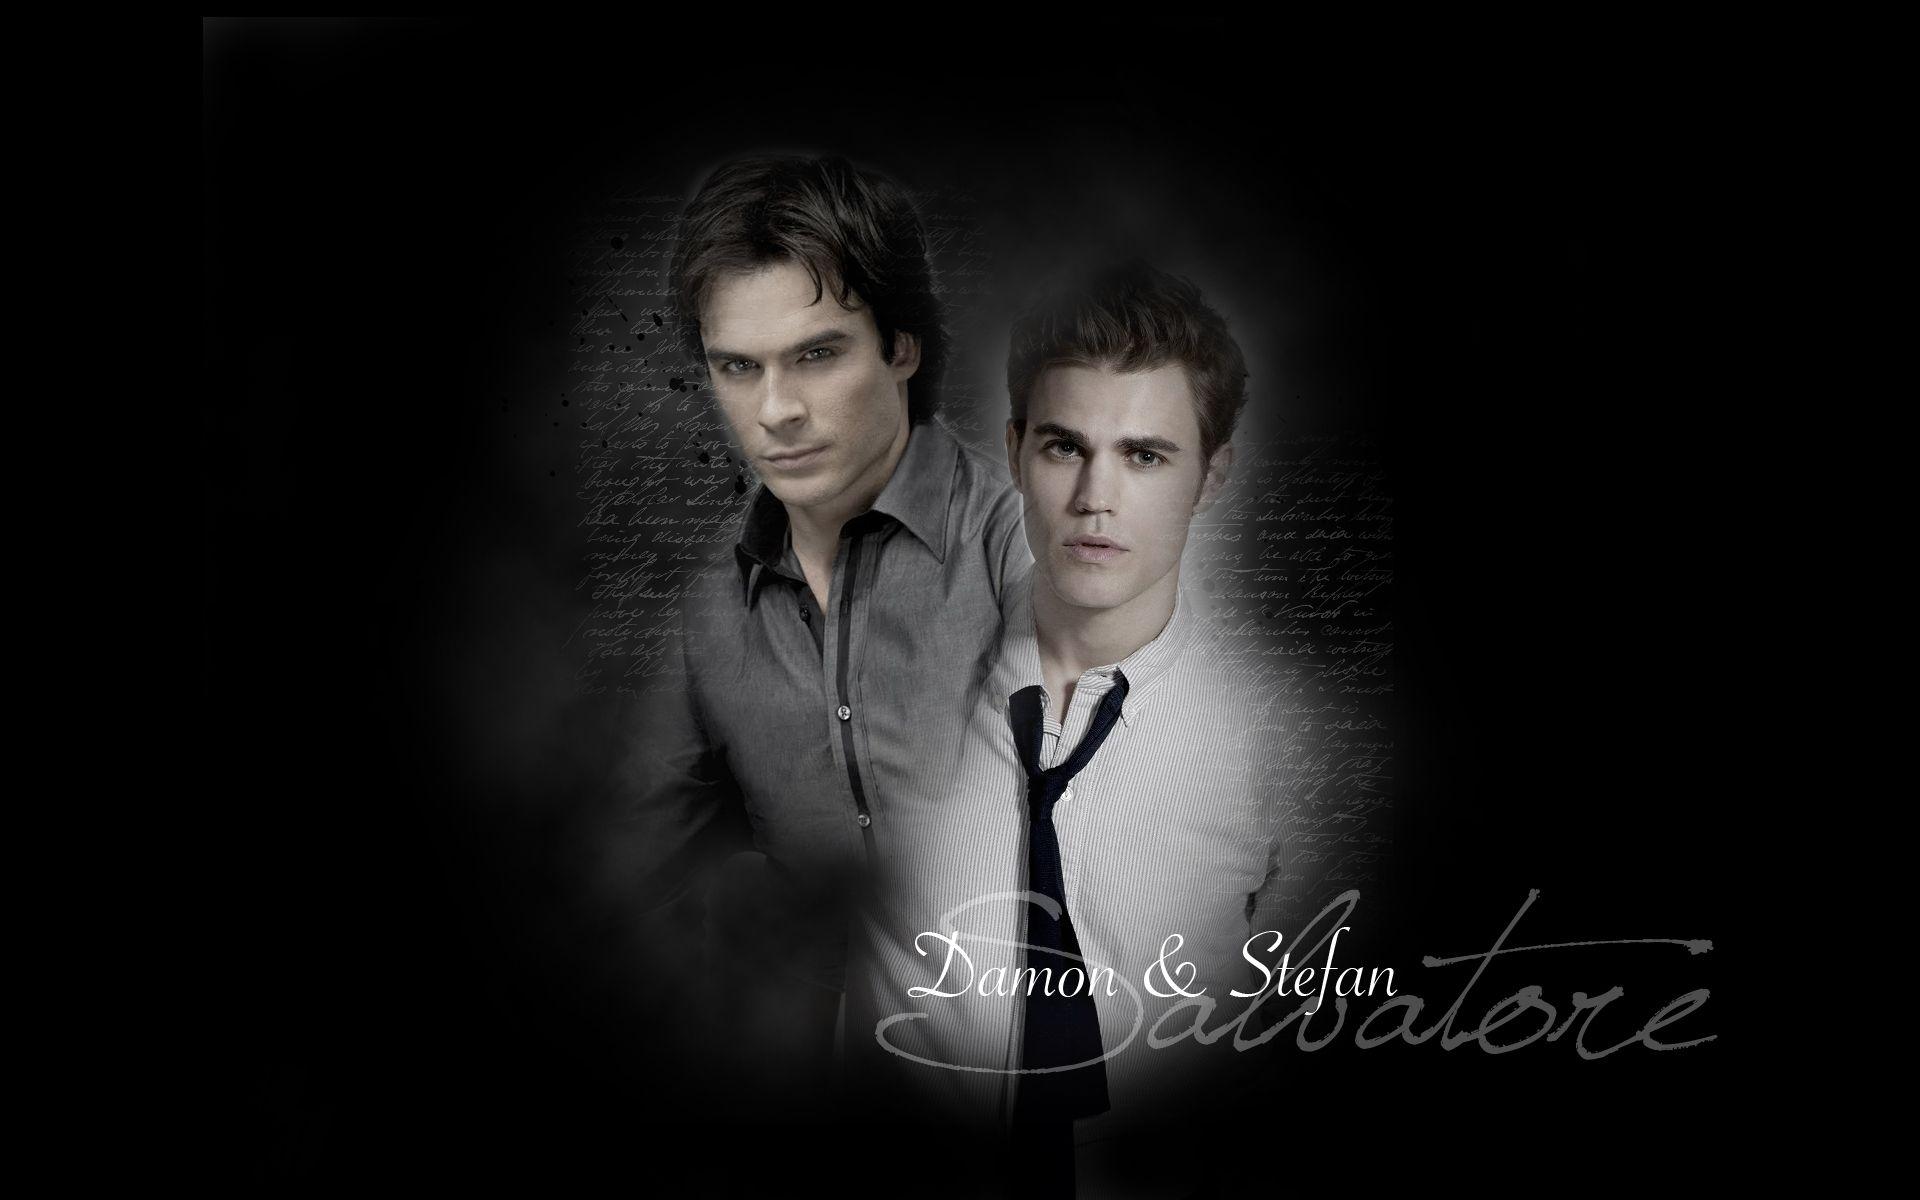 Vampires Diaries Wallpapers
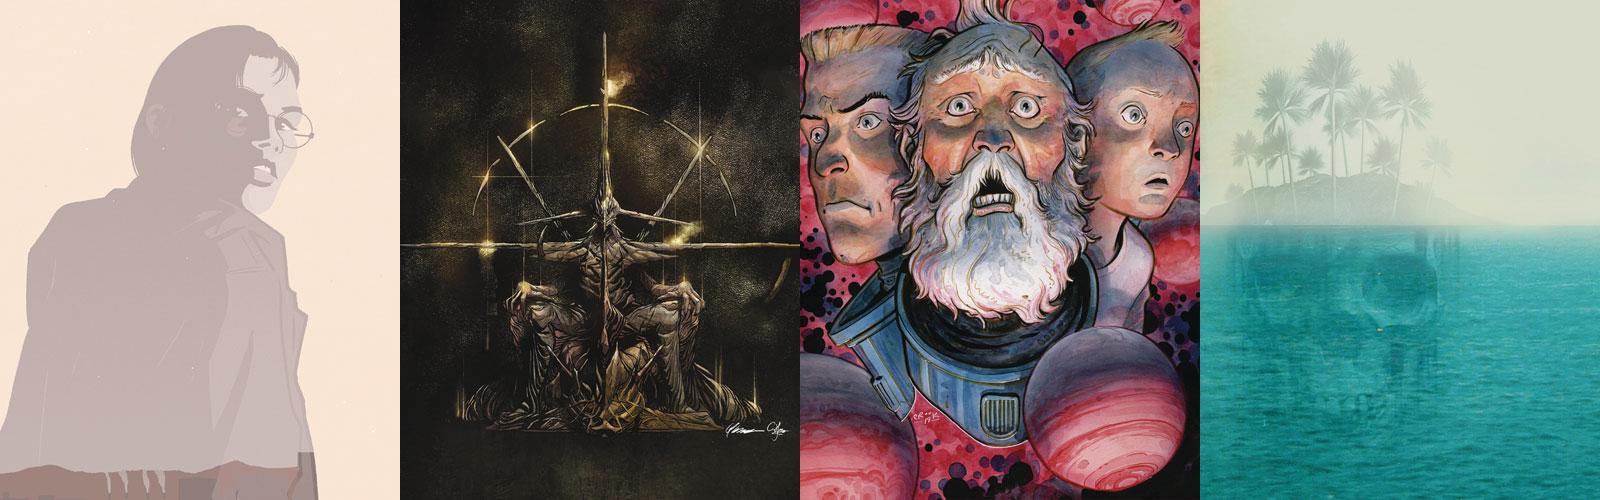 Solicitations: April 2020 – Dark Horse Comics
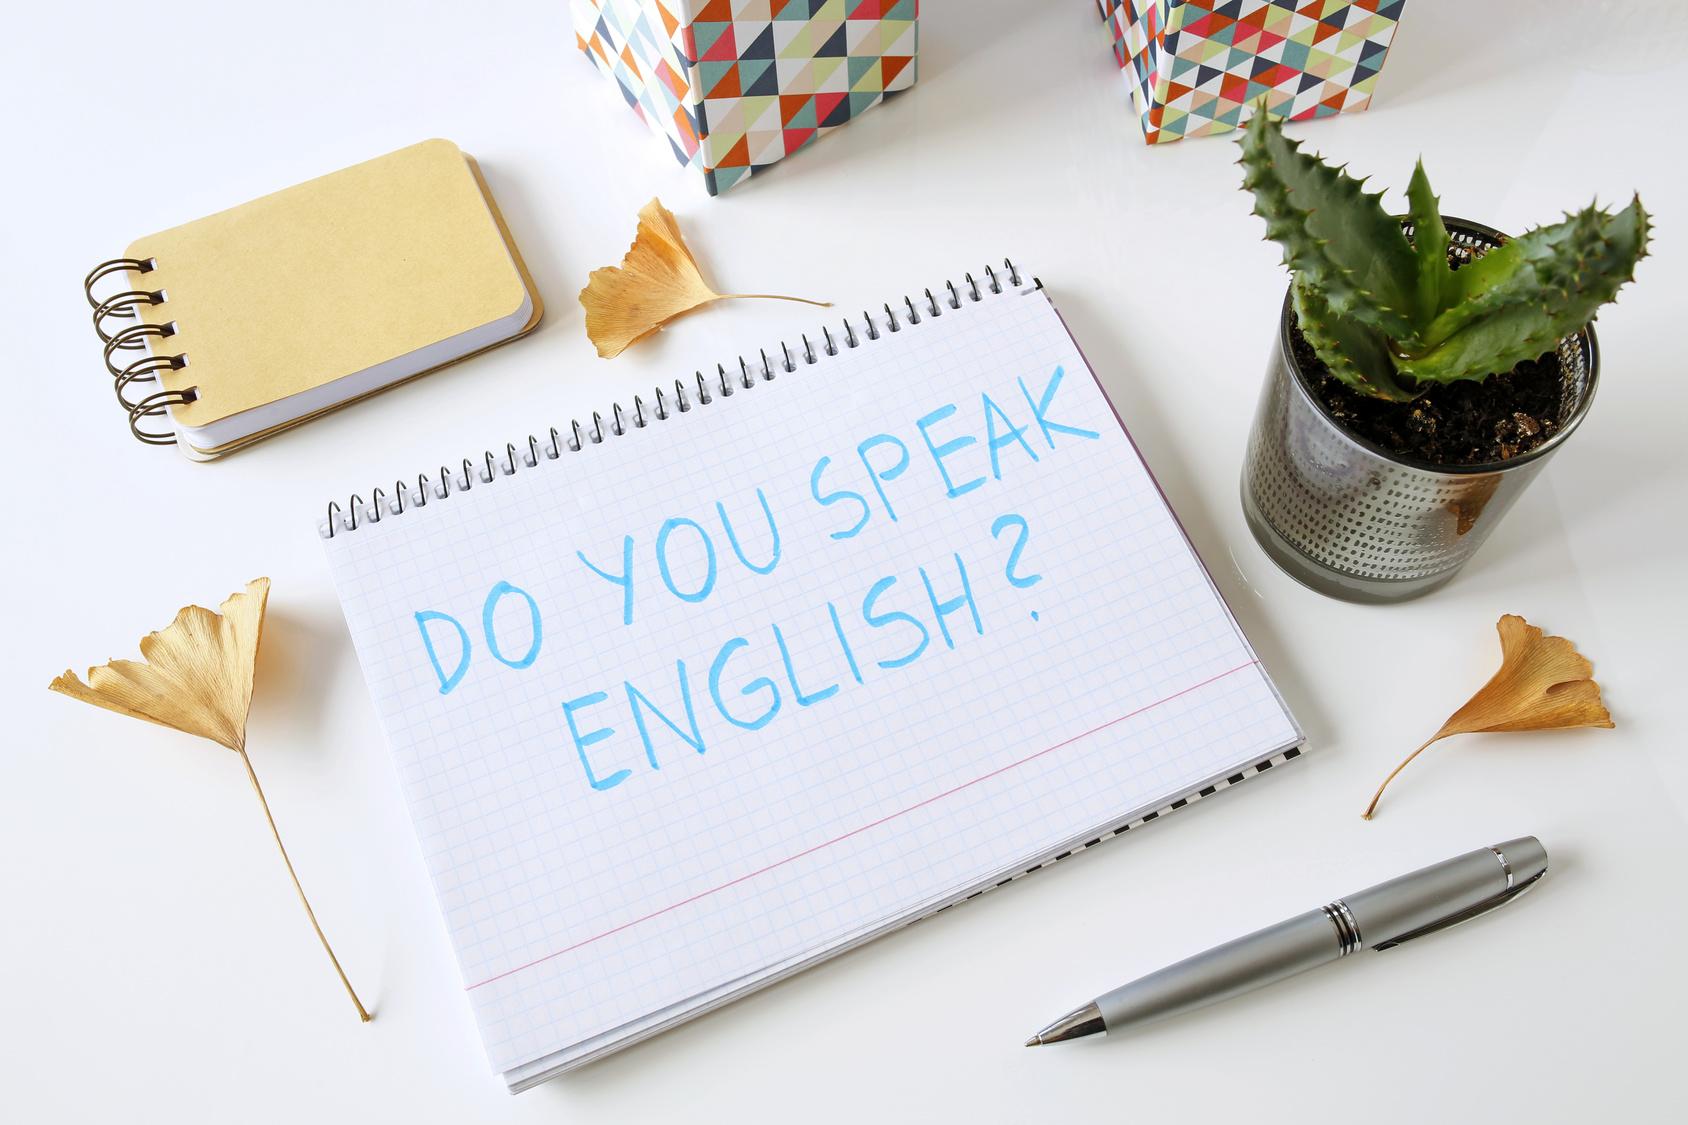 nauka języka, języki, język angielski, jak nauczyć się angielskiego, podróż, wyjazd, wymiana walut, Ekantor.pl
- - -
» **Task**
Line by line, restate the data above exactly as it stands, minus the pictures.

» **Written reply**
 Vampires Diaries Wallpapers
 Solicitations: April 2020 – Dark Horse Comics
 nauka języka, języki, język angielski, jak nauczyć się angielskiego, podróż, wyjazd, wymiana walut, Ekantor.pl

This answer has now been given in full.